The Court was near certain to take up the case after both parties requested that it do so, and because similar cases are brewing in other states.

The case is on an expedited timeline, though a slightly slower one than the voters who triumphed in Colorado state court had requested. They wanted oral arguments on January 19, “so that the Court may issue a ruling before in-state Colorado voters begin receiving their ballots on February 12 and well before Super Tuesday.”

Leading up to the Court’s February oral arguments, initial briefs will be due January 18, with respondents’ reply due January 31. Any further reply brief is due February 5.

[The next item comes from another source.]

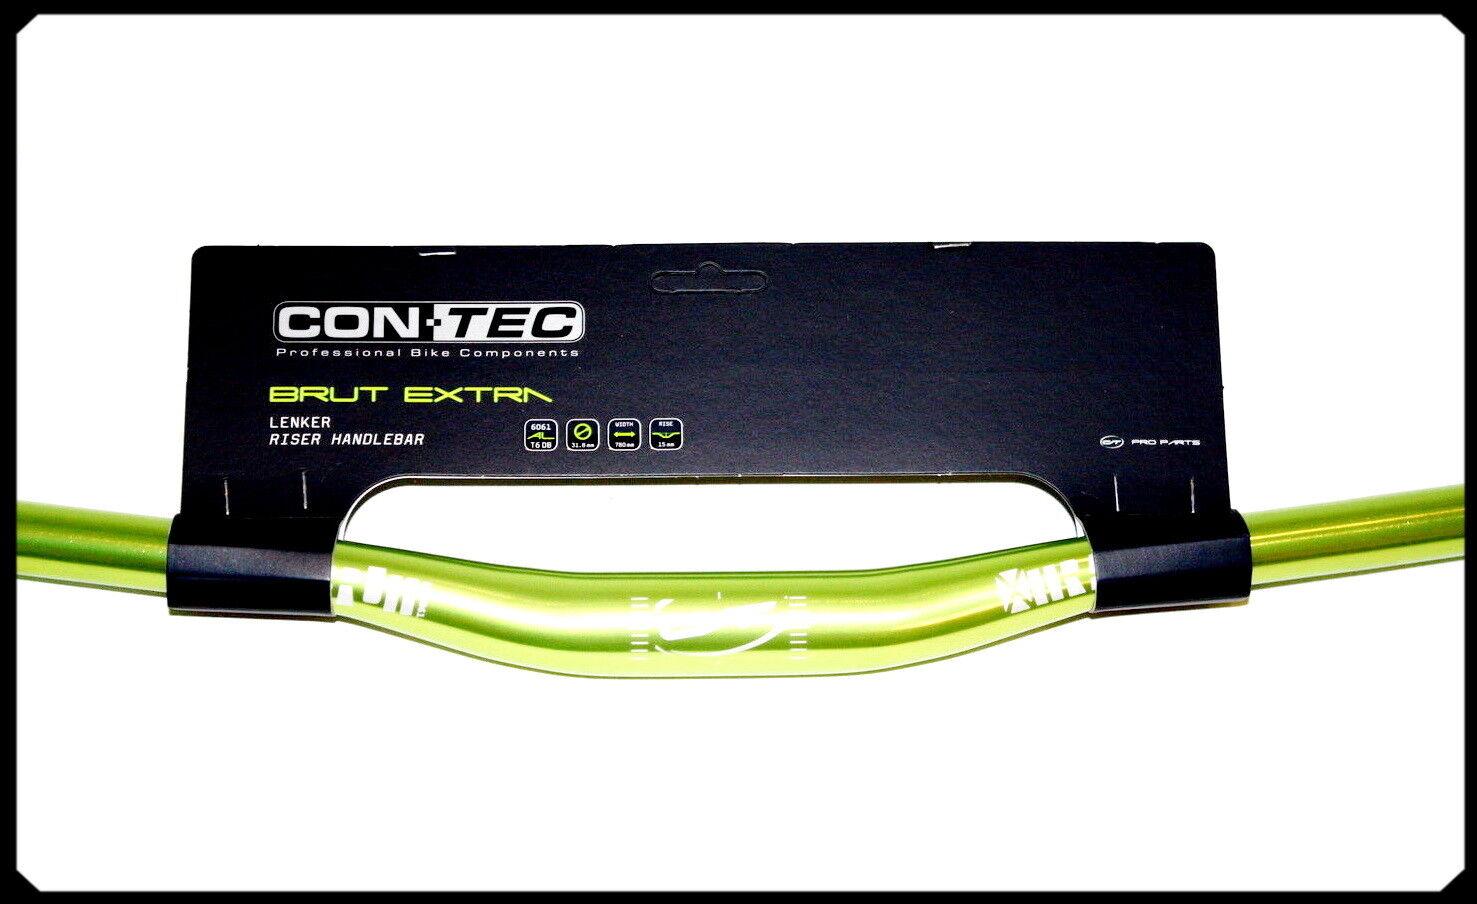 CONTEC MTB-Lenker  Brut Extra Extra Extra Select , Low Riser Bar, Griffweite 780 mm, grün  | Grüne, neue Technologie  7a42d9

The Court did not specify which questions it would hear in the Friday order, a major point of contention between the parties that might have indicated where the case is headed. Questions suggested by the parties range from whether Congress needs to pass legislation to make the disqualification clause enforceable to whether Trump engaged in insurrection.

Since the Court accepted Trump’s petition to take up the case, it may suggest that they’ll also request briefing on the questions he raised in his brief. Technically, he asked only one — “Did the Colorado Supreme Court err in ordering President Trump excluded from the 2024 presidential primary ballot?” — though in the briefing itself, he seems to ask several separate questions, including urging the Court to review the Colorado courts’ interpretation of state law, a request that is seemingly outside the U.S. Supreme Court’s jurisdiction.

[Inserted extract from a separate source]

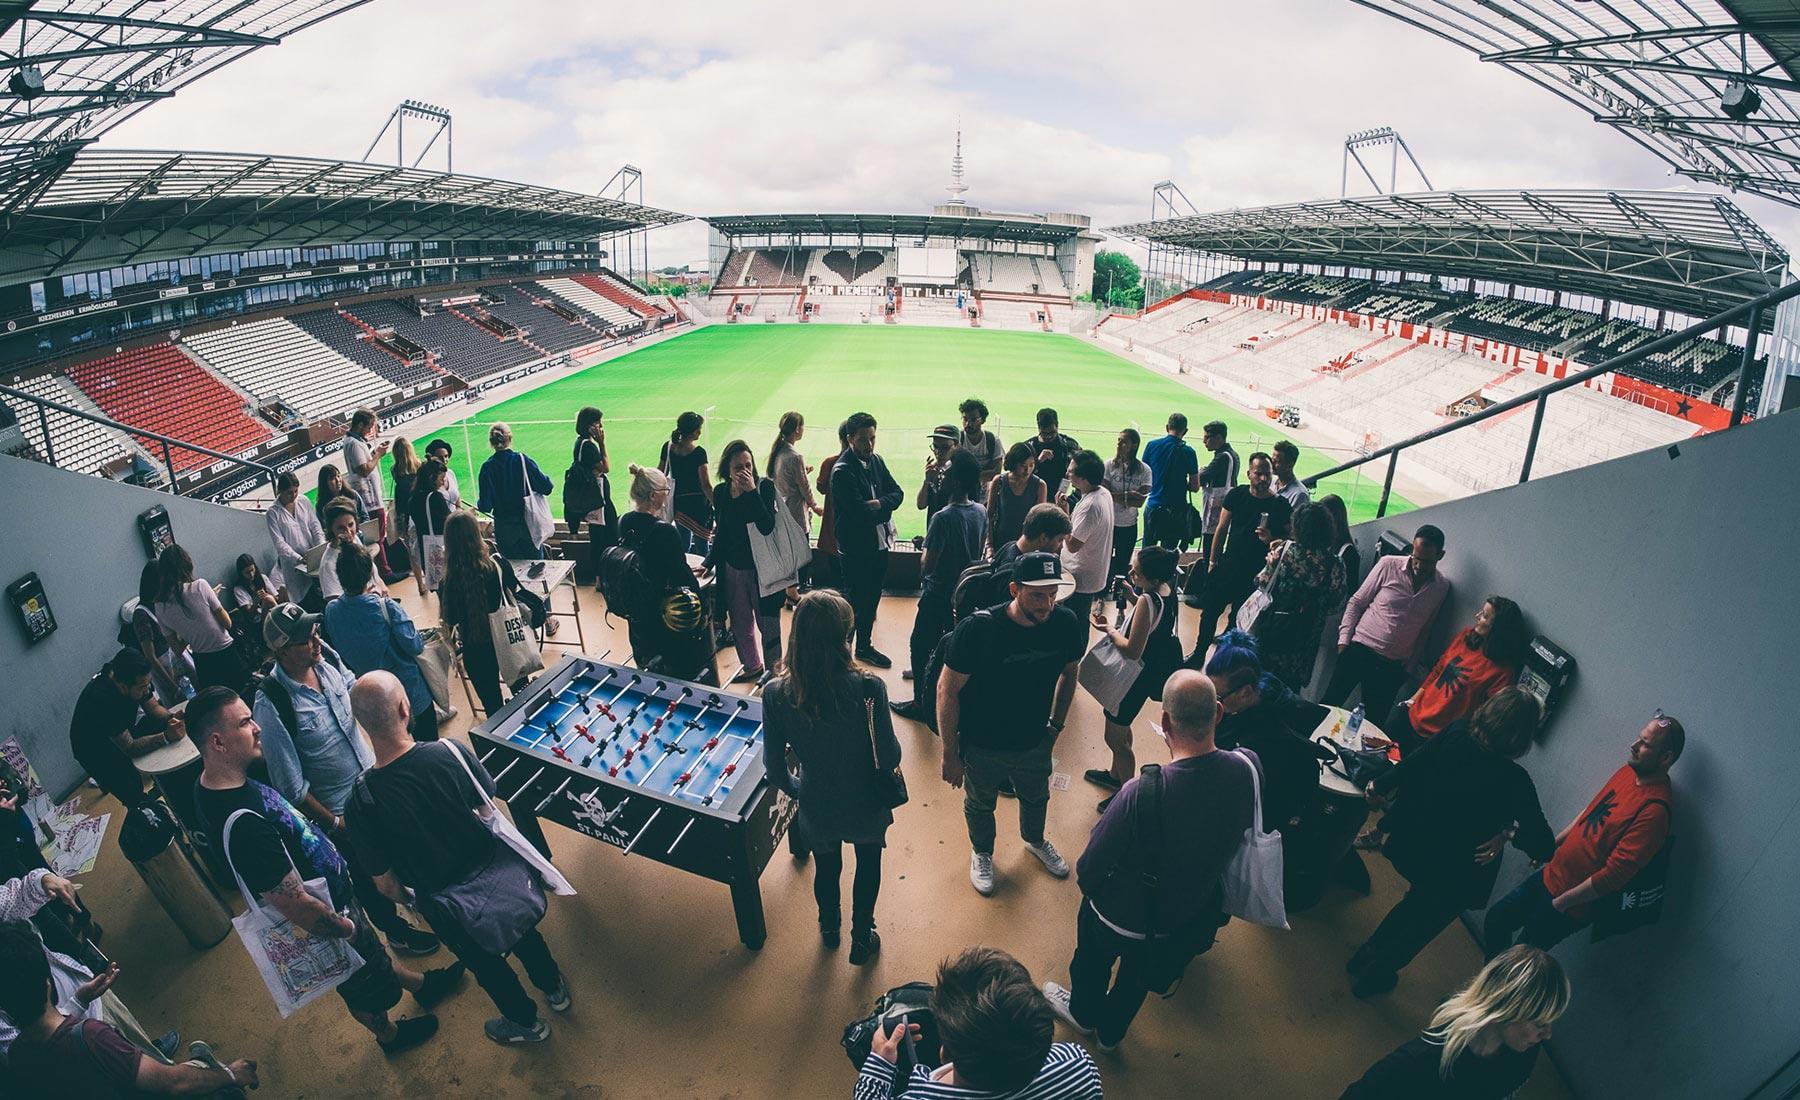 recap-forward-festival-hamburg-2018-millerntor-stadion

There are many paths the Supreme Court could take in the case, including more procedural off-ramps that would let it avoid the most hot button arguments. Team Trump argues, for one, that the disqualification clause never applies to presidents — an argument that, if the justices accepted it, would seem to zero out the multi-state effort to disqualify Trump without touching on the former president’s specific behavior.

That nationwide push has had varying levels of success, with Colorado as the first state to block Trump from the ballot and Maine close behind. In the latter state, the secretary of state made an administrative ruling barring Trump from the ballot, which he has appealed to state superior court. A ruling there is expected in mid-January, with the final word from the state Supreme Court by the end of the month.

The Supreme Court is expected to end up involved in another high-profile Trump dispute, as he fights to prove that sweeping presidential immunity protects him from special counsel Jack Smith’s Jan. 6 prosecution. The Court — without explanation or any noted dissents — declined Smith’s request for the justices to take up the question on an expedited basis, instead sending it back down to the D.C. Circuit.

Still, Friday’s order in the disqualification case may concern the former president in terms of the Court’s willingness to expedite briefings and arguments; Trump is trying to drag Jack Smith’s case out past 2024, so he can make the Justice Department drop it if he’s reelected.